幼い研究者さんは、尻尾にシャンプーを染み込ませて、ラバーのブラシで梳くように洗っている。
彼女によって無理やり付けられた心拍計は、背中側を洗っていたときよりも高い数値を表示していた。
「ふぅン。君、心拍数が上がっているねぇ。どうしたんだい?」
そんなの、理由は分かっている癖に。悪趣味な研究者さんは、私に言わせようとする。
「なぁなぁ、言ってみたまえよ。その心拍数の理由を」
その余裕な態度に腹が立ち、私は一度スポンジから手を離して……彼女の脇腹をくすぐった。
「ククッ、アハハハ! やめっ、やめろモルモット君! あは、アッハッハ!!」
身をよじらせて笑い声を上げる彼女の脚を掴まえ、追い討ちとばかりに土踏まずをこちょこちょする。意地悪してくるわがままちゃんにはお仕置きだ。このくらいしてもバチは当たらないだろう。
「ひゃ、アハハ! ばかっ、ヒィ、やめろぉ! あ、アハハハッ!!」
ひとしきりくすぐり攻撃をした後、私は惚れ惚れするような美しい両脚にスポンジを滑らせた。一見すると細い脚は、触ってみると無駄のない筋肉で引き締まっているのがわかる。この脚が、超光速のスピードを生み出しているのだなと思うと、とても愛おしい。
「……ふー、笑った……それで、心拍数の理由は?」
私は、形の整った足を指まで洗ってあげながら、顔を上げずに答える。
「そんなの、貴方が綺麗だからに決まってるじゃない」
ただでさえ、勝負服でシルエットが隠れていても、きれいなボディラインだとわかるんだから。一糸まとわぬ無防備な姿は、それはもう生まれたてのヴィーナスのようにきれいなのだ。つい見蕩れて、心拍数が上がってしまうに決まっている。

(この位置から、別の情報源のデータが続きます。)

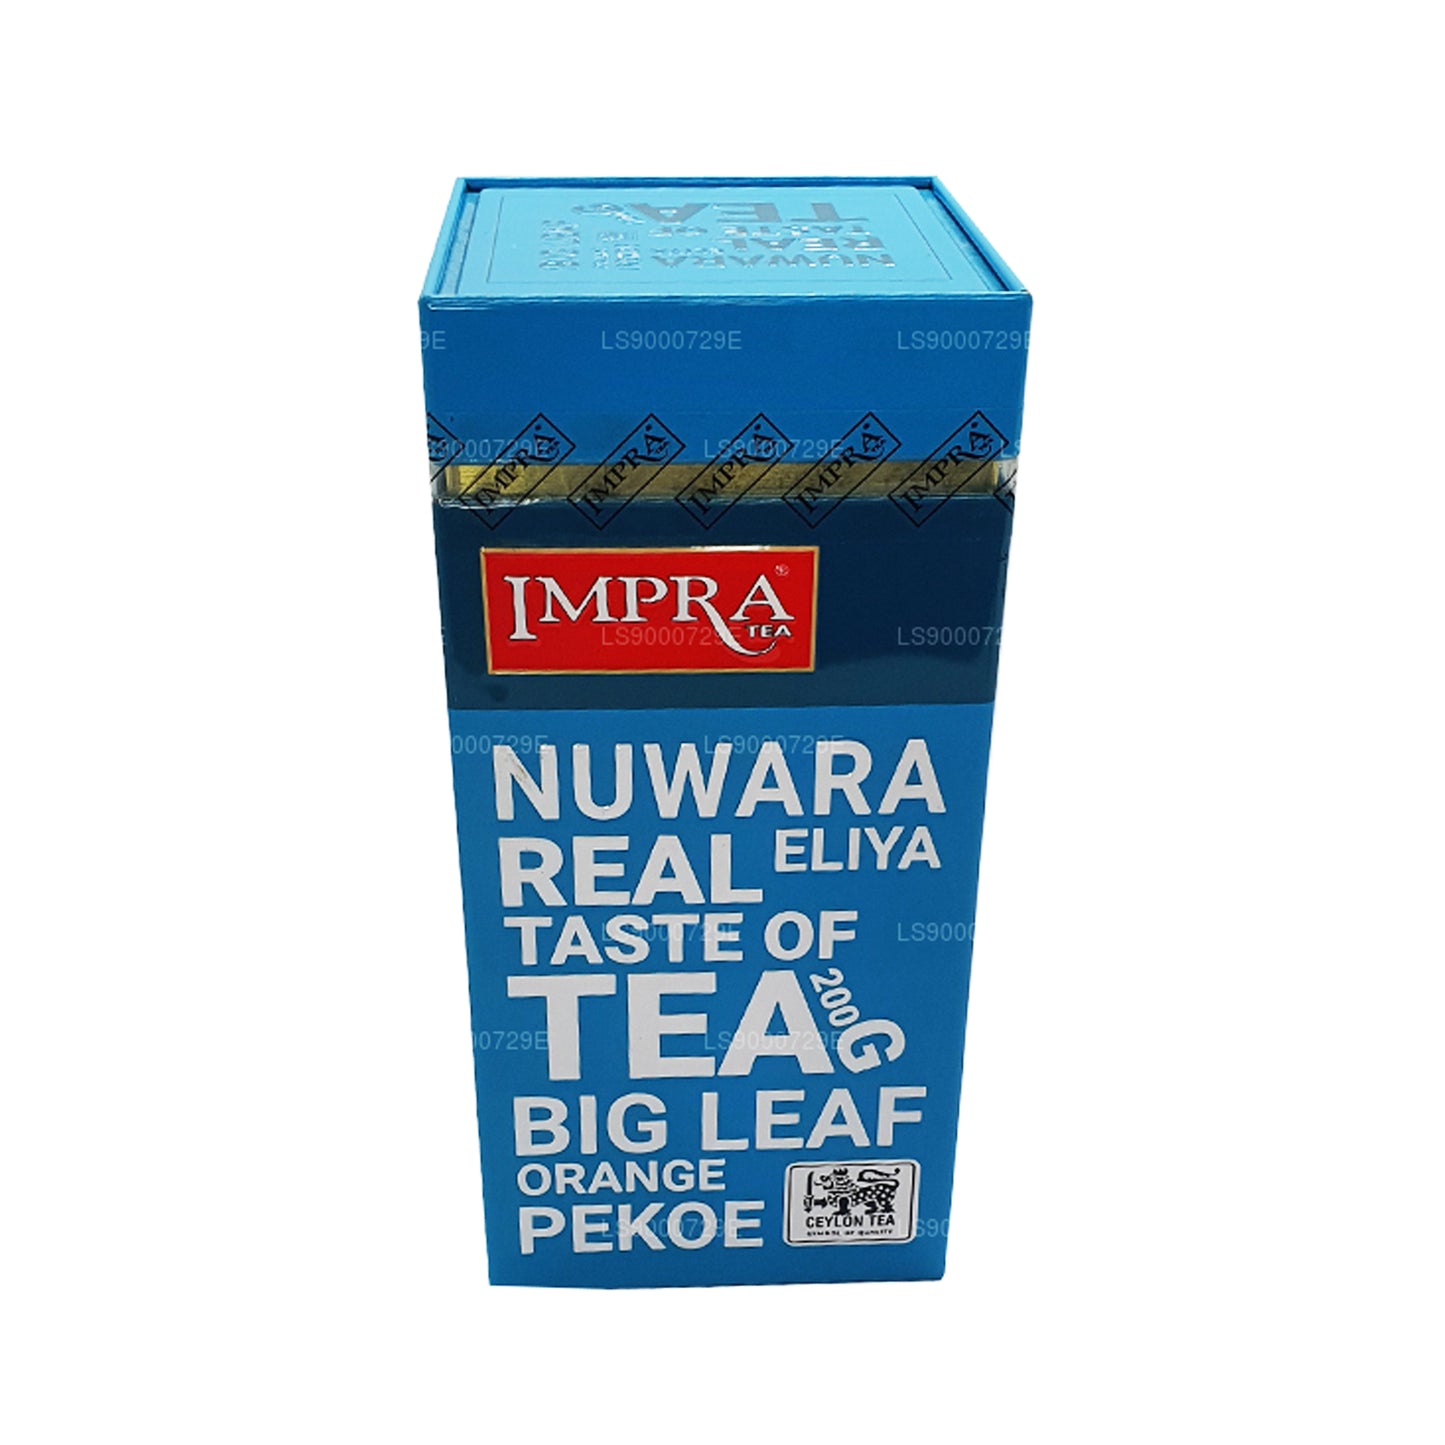 Carrito de carne Impra Nuwara Eliya Big Leaf (200 g)

「クククッ、正直者だなぁ君は! 私の肉体が美しいのは、研究の成果なのだから当然だろ!」
「はーい、流すよー」
調子に乗るお姫様に、頭から勢いよく温かいシャワーを掛ける。流れて消えて行く白い泡はヴェールとドレスみたいだ。じっとして耳を伏せ、目を瞑っている様子も可愛らしい。
尻尾の泡まできちんと流れたのを確認して、蛇口を締めた。
水滴を滴らせてしっとりしたタキオンが、ぶるんと一度頭を振る。そして、私の頬を、彼女の両手が捕まえてきた。紅茶色の瞳に、じっと見つめられる。
「けれど、私をここまで綺麗にしたのは君だろう?」
まったくもう! 彼女のペースに飲まれっぱなしだ!
「ああそうですよ! 走る姿だけじゃなくて、貴方は全部綺麗ですよ! だからもっと綺麗にしたくなるんです! わかったらもう少し身なりに――んんっ!」
言い切る前に、唇が押し当てられる。ちゅうぅ……という漫画みたいな音を立てて、時間が止まった。

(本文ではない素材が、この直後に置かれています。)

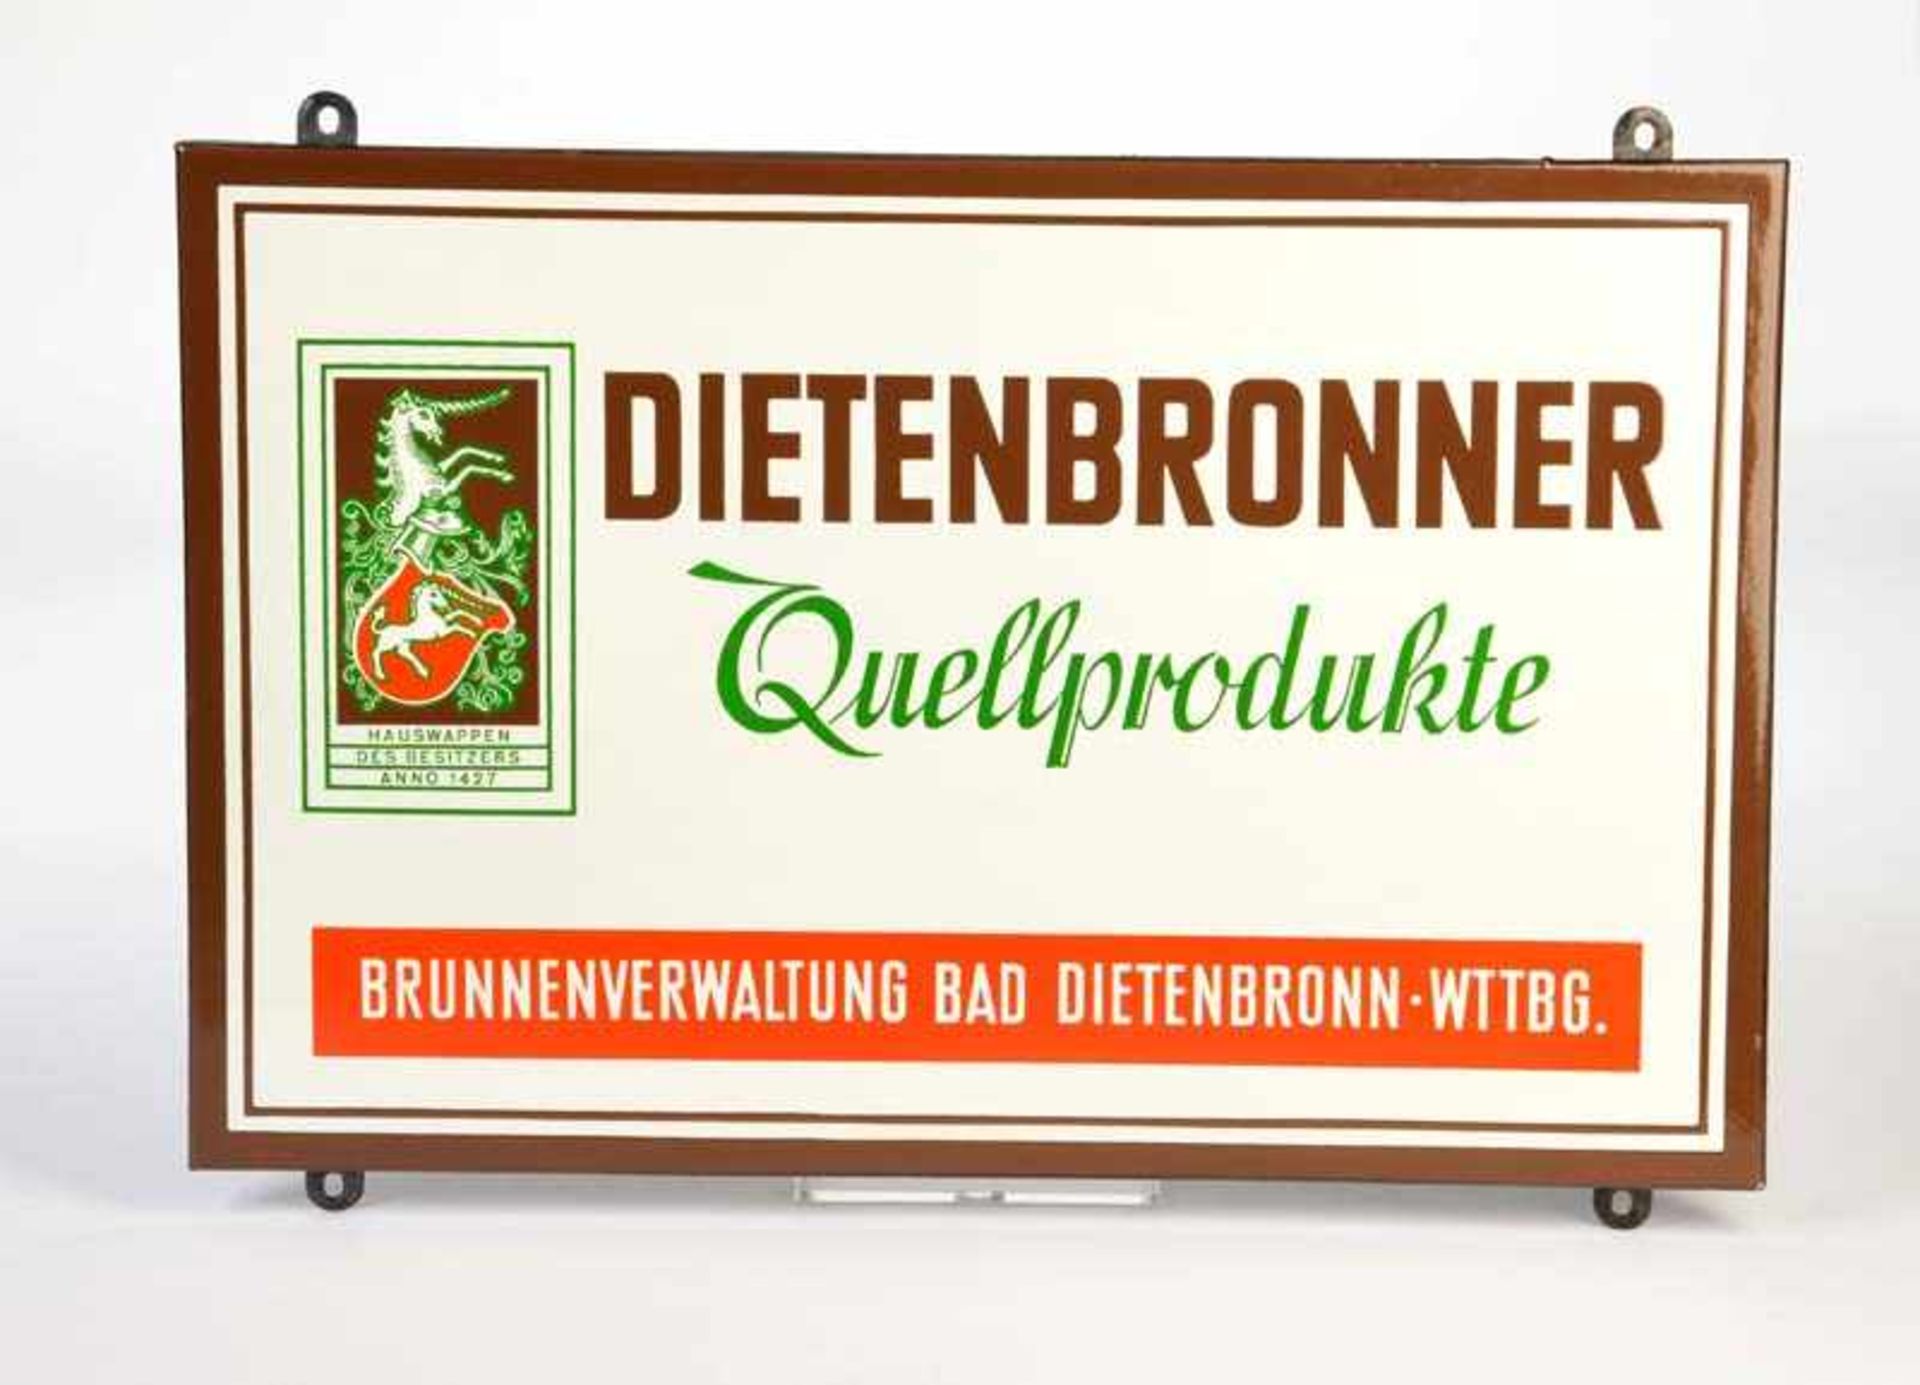 Emailleschild "Dietenbronner Quellprodukte", 38x58 cm, C. Robert Dold, Offenburg i.B., abgekantet, Z

彼女の唇は柔らかくて温かい。髪と素肌からは洗いたての爽やかな香りがして、私の顔の血行が過剰に良くなって行く。閉じられた瞼を見て、私よりずっと睫毛が長いなぁ、なんて思いながら、呼吸は段々と苦しくなる。
もうダメかも……と窒息を覚悟したところで、唇が離れた。
「……君、年上の癖にキス下手だなぁ。いい加減鼻呼吸を覚えたまえよ」
「ぷはっ……タキオンのばか! ナルシスト! キス魔!」
「そんなばかでナルシストでキス魔の私が大好きなのはどこの誰だい?」
ああもう! 完全に主導権を掴まれてしまって悔しい!
言葉で答える代わりに、次は私が彼女の唇をふさいだ。
髪と尻尾は、流さないトリートメントを塗ってツヤツヤ。
顔には、ヒアルロン酸やセラミドがたっぷり入ったフェイスマスクでしっとりもちもち。
前日に仕込んでおいた手作りのアイスクリームは、バタークッキー入りのアールグレイ味。

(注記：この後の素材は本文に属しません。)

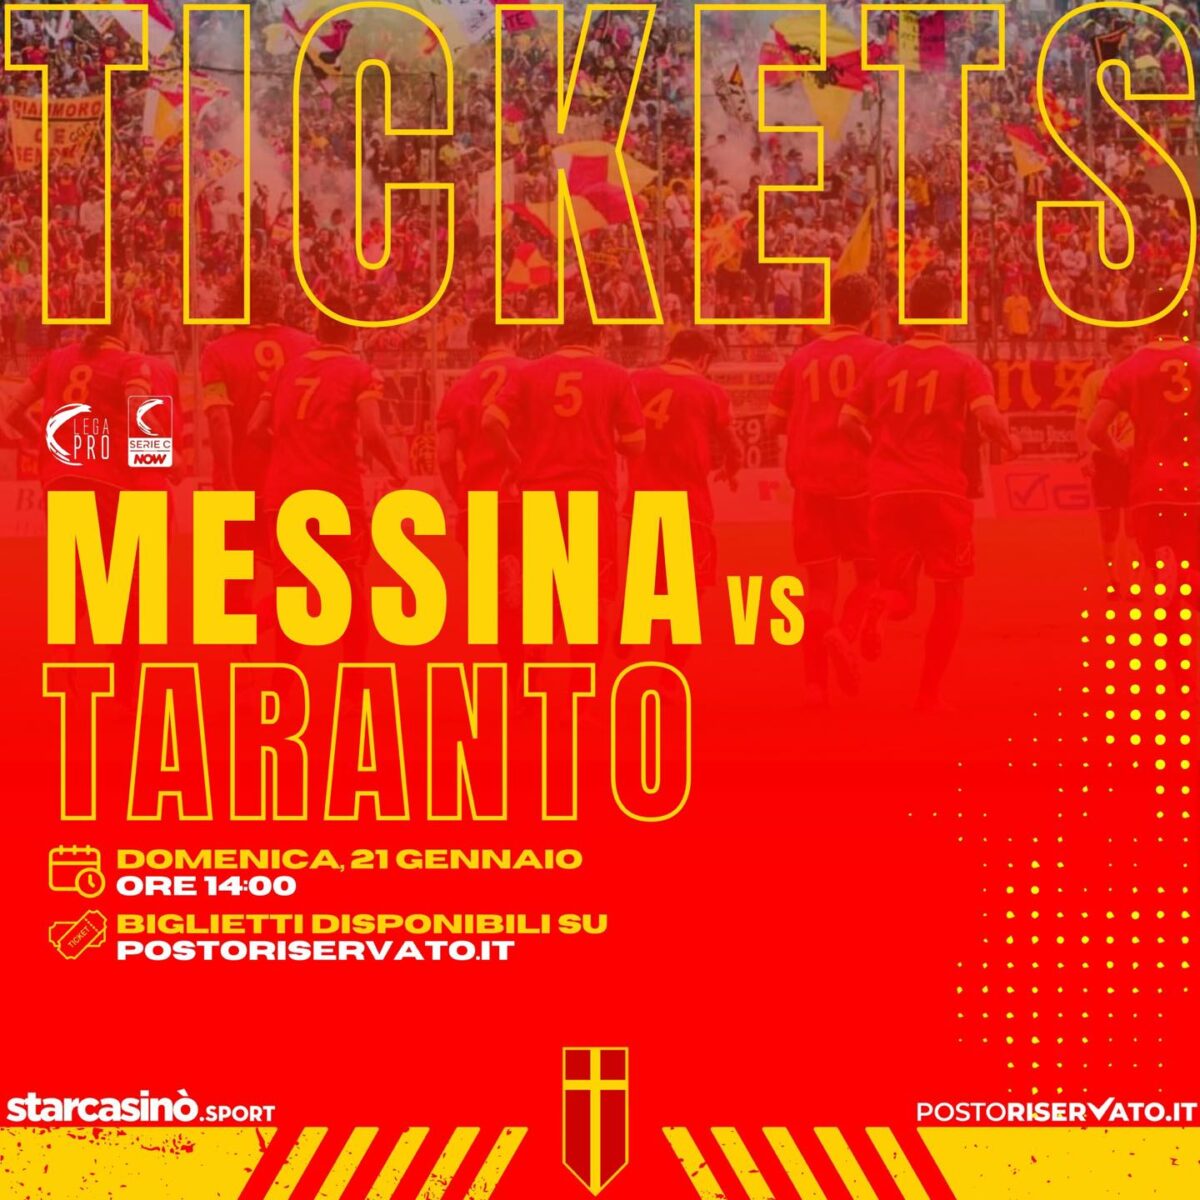 ACR Messina annuncia l'apertura della prevendita per Messina-Taranto.

いつの間にか、タキオンに尽くすことがすっかり私の楽しみになっていることに気付き、自身の順応性の高さに驚いてしまった。モルモット兼助手は、当たり前のようにドライヤーで研究者さんの髪を乾かしていて。実験大好きお姫様は、当たり前のように風呂上がりのアイスクリームを味わっている。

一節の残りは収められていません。